Obroniliśmy bary mleczne!
– Pomidorowa z makaronem! – krzyczą z cokołu pomnika Mickiewicza członkowie Narodowego Baru Mlecznego. – Niech żyje! – odpowiadają zebrani wokół ludzie. – A z lanym ciastem? – pyta schowana gdzieś w tłumie starsza kobieta. – Też niech żyję! – odpowiadają chórem wszyscy zgromadzeni na Rynku Głównym.
W samo południe na Rynku Głównym w Krakowie ukonstytuował się Narodowy Bar Mleczny. Celem tego ruchu społecznego jest obrona tradycyjnej, zdrowej polskiej kuchni. A bastionem polskiej kuchni są oczywiście bary mleczne. To tam zamiast kosmopolitycznych kebabów, hamburgerów i hot-dogów można zjeść naturalnie polskie łazanki, pierogi i kaszę gryczaną z sosem miejskim.
To był prewencyjny protest – przeciwko zapowiadanym przez ministra finansów cięciom dotacji dla barów mlecznych. W obronie tych skansenów polskiej kuchni tłumnie – mimo trzaskającego mrozu – stawiło się kilkadziesiąt osób. Pili ciepłe mleko przygotowane specjalnie na tę okazję przez spółdzielnie mleczarską. – Następnym razem przywiozę większe bańki, takie na 100 litrów – mówi Władysław Kapitan – prezes spółdzielni. Jest dostawcą mleka do wielu krakowskich barów mlecznych i do protestu nie trzeba było go dwa razy namawiać. – Następnym razem to wjedziemy tu cysterną z mlekiem, jeśli będą chcieli zamknąć nasze „mleczniaki” – odpowiadam prezesowi, któremu pomysł chyba się spodobał.

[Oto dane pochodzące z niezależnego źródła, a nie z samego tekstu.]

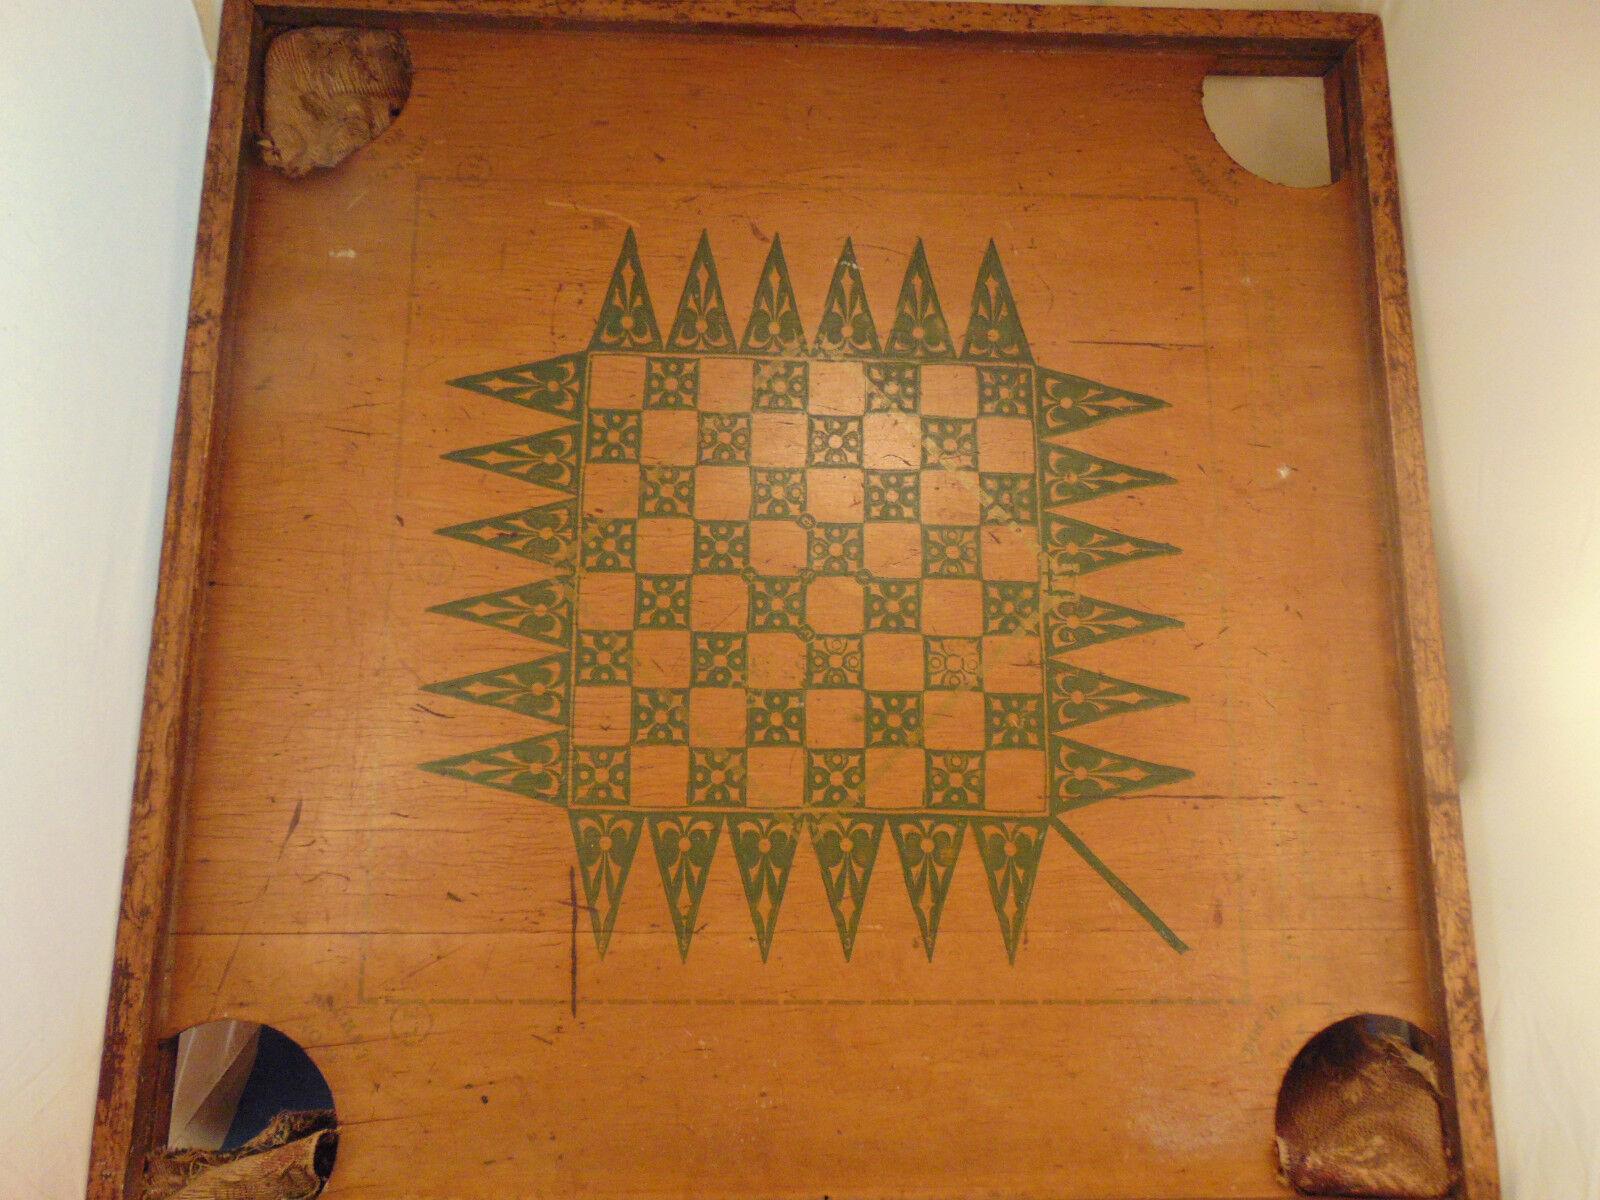 Placa De Madera Antiguo Mesa 29  bolsillos Cuadrado Ajedrez Damas primitivo Arte Antiguo
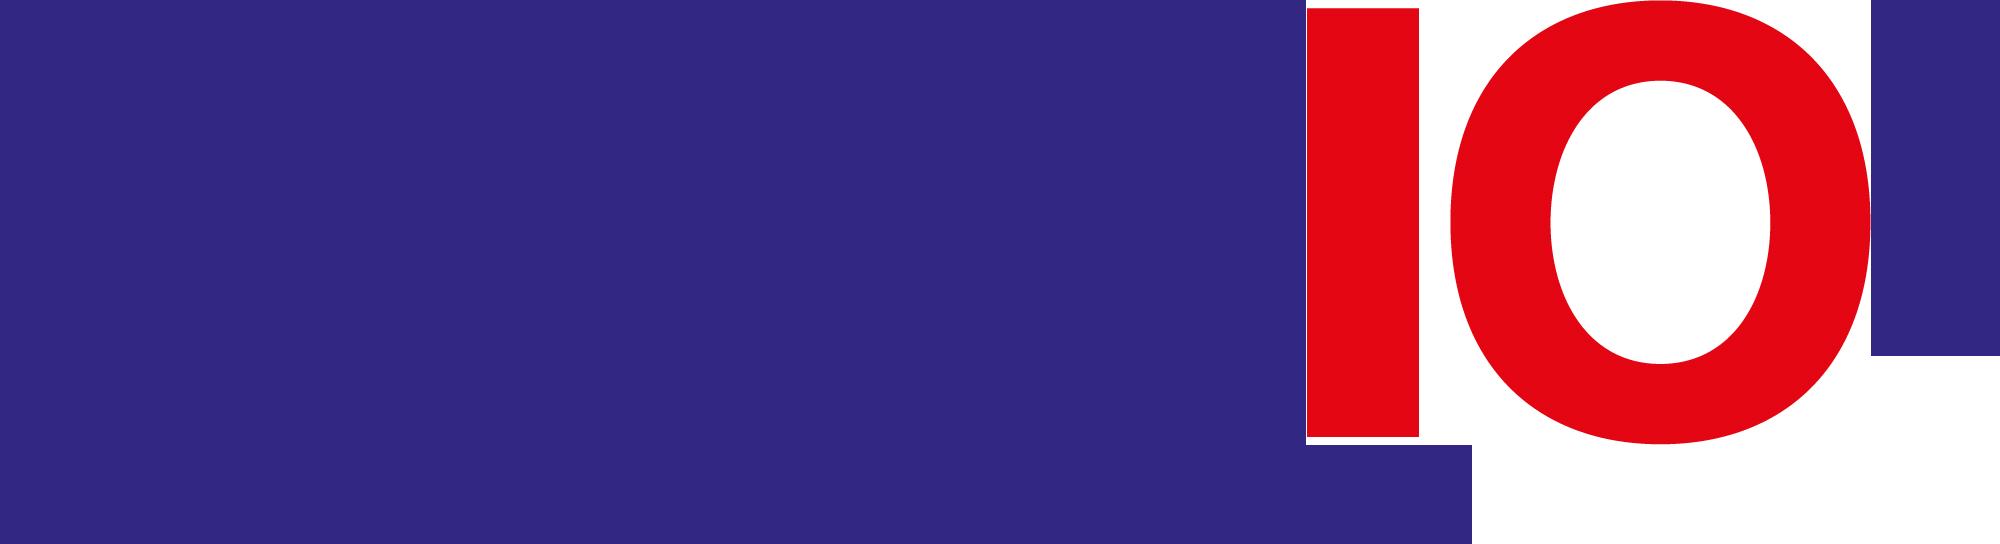 EasyIO Holdings Logo

– Bary mleczne i ich obrona to tak naprawdę obrona demokracji – mówi do kamery starszy pan, który przyszedł pikietować pod „Adasia”. Pił ciepłe mleczko z kubeczka i opowiadał pani redaktor, że takich miejsc trzeba bronić jak niepodległości. – Dobrze gada! – wtrąciła się kobieta, która kilka chwil wcześniej podpisała petycję do ministra finansów, który chce podnieść rękę na bary mleczne. – To jedno z ostatnich miejsc, gdzie państwo nie tylko nie zabiera, ale coś od siebie daje obywatelom. Choćby dlatego warto tam chodzić -odpowiadam na pytanie pani redaktor z Gazety Wyborczej, która jest ciekawa skąd u nas taka miłość do pierogów ruskich i leniwych. Mówi, że jedzenie w barach mlecznych to dla wielu osób obciach. Ale dla nas to żaden obciach zjeść w barze mlecznym. Dla nas to pyszota!